Turkey detains prime suspect in car bombings

Vehicles used in bombings that killed more than 50 were registered to M.G., who was arrested near Syrian border.

car bomb in turkey 370 (photo credit: reuters)
car bomb in turkey 370
(photo credit: reuters)
ANKARA - Turkish police have detained a man they believe to be one of the main perpetrators of car bombings that killed more than 50 people near the Syrian border, officials said on Friday.
Turkey has accused Syria of involvement in the two bombings last weekend in the town of Reyhanli in Hatay province, which fanned fears that Syria's civil war is dragging in neighboring states. Damascus denies any role.
Hatay governor Celalettin Lekesiz said police had detained a man identified only by the initials M.G. shortly before midnight on Thursday in Samandag district, near the Syrian border, and that he was being treated as a prime suspect.
Huseyin Celik, deputy chairman of Turkey's ruling AK Party, said the two vehicles used in the bombings were registered to the detained man, and that he had driven one to a blast site in Reyhanli.
State-run broadcaster TRT reported on Friday that Reyhanli's police chief had been dismissed. Turkish Prime Minister Tayyip Erdogan said this week he did not think the attacks were the result of a weakness in the intelligence services, but that there may have been a "disconnect" between them and the police.

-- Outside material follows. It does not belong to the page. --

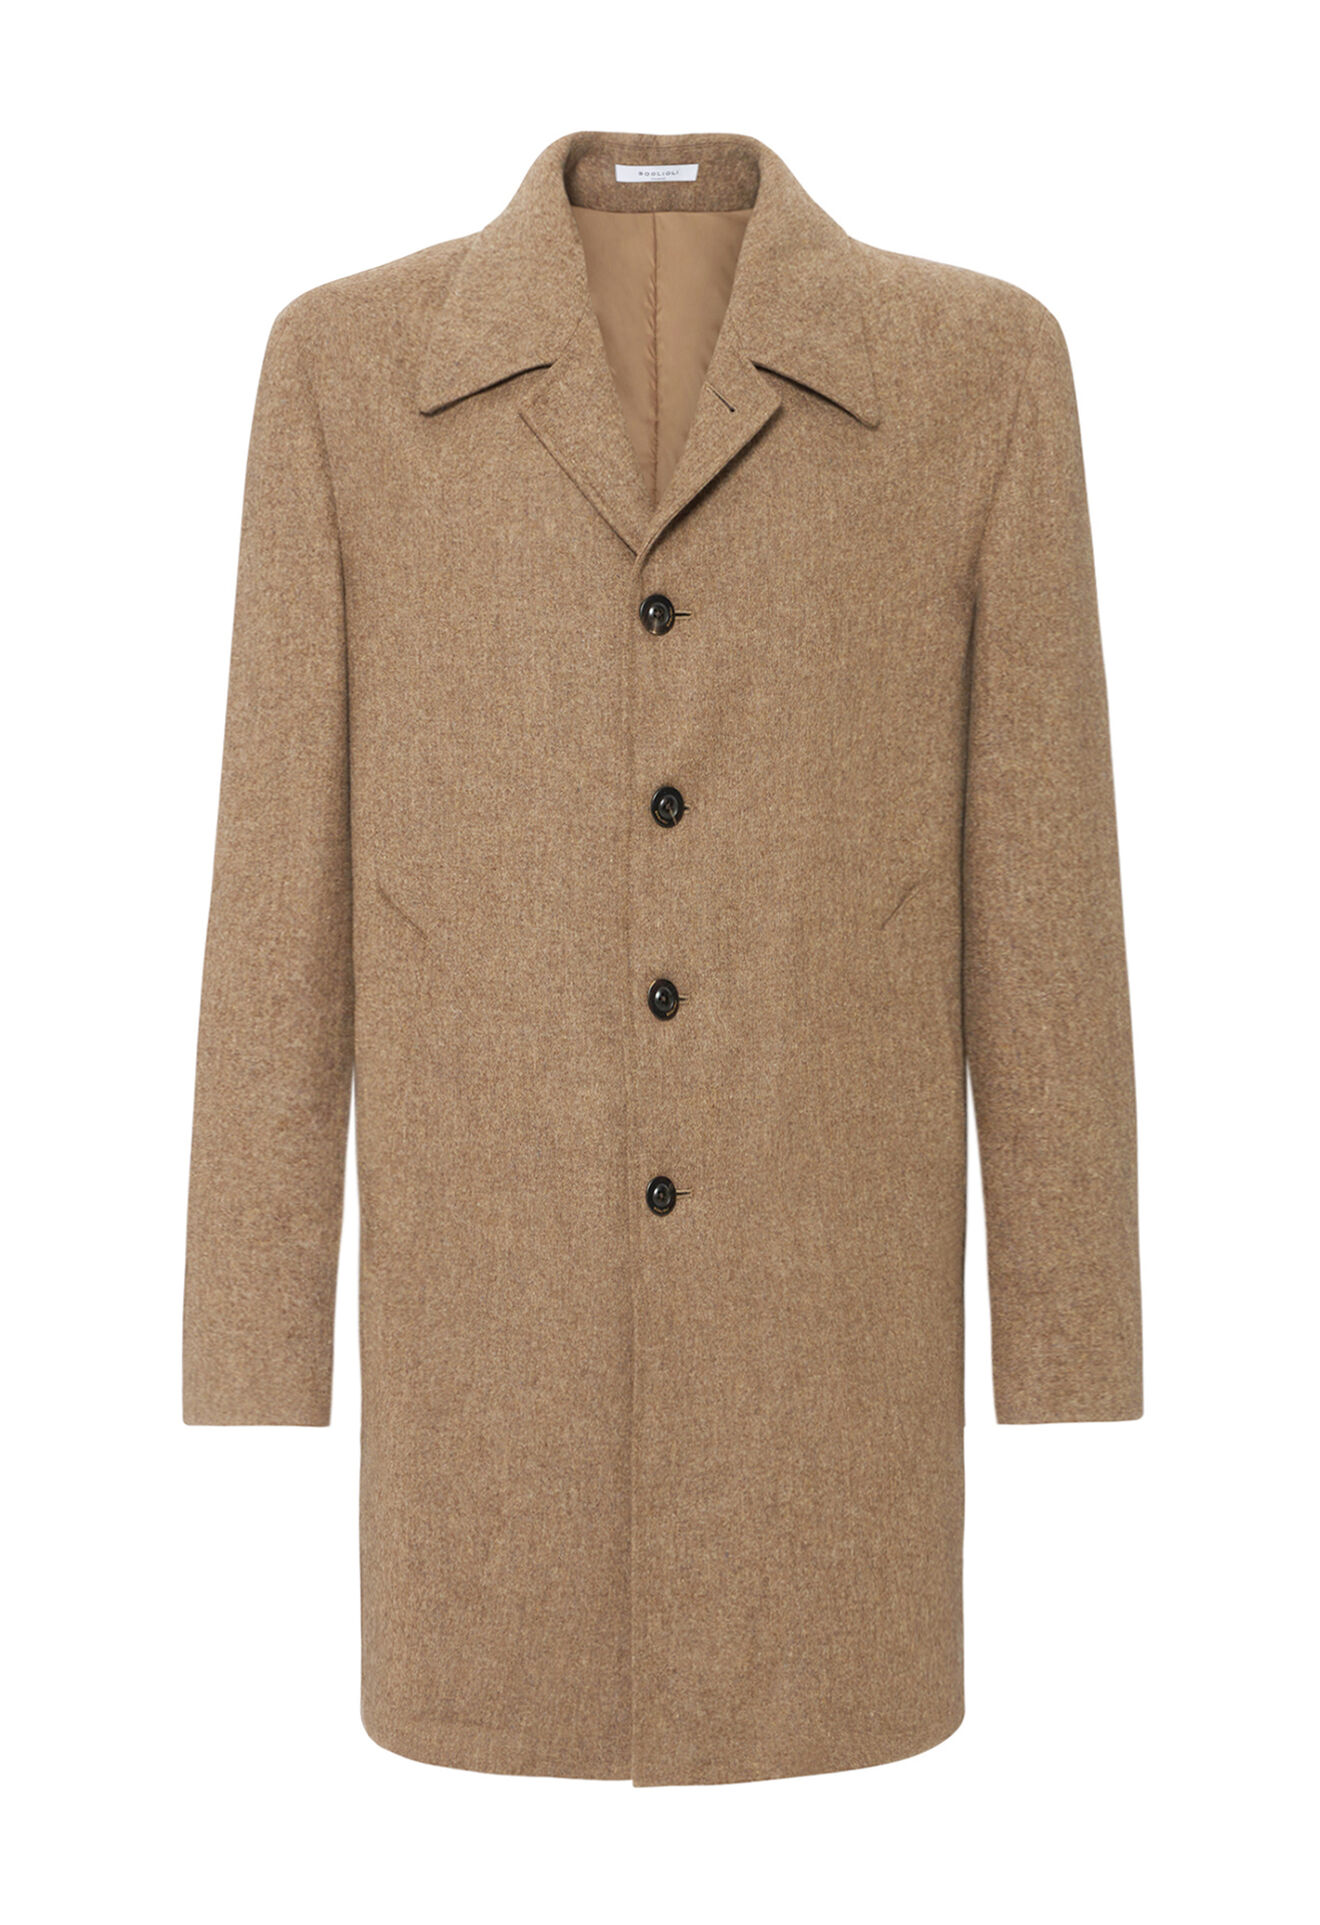 100% Virgin wool Duster coat with technical padding in Brown: Luxury  Italian Coats for Men

Lekesiz said police were still searching for two other suspected perpetrators, who along with M.G. had been trying to cross over into Syria from Samandag but had failed because of stepped-up security along the border.
He said the two men were believed to still be inside Turkey.
A total of 16 people were in detention in relation to the bombings, Lekesiz said, four of whom were formally arrested. It was not clear what charges they faced.
Government ministers have said the bombings - one of the deadliest attacks in Turkey's modern history - were carried out by a group with ties to the government of Syrian President Bashar Assad.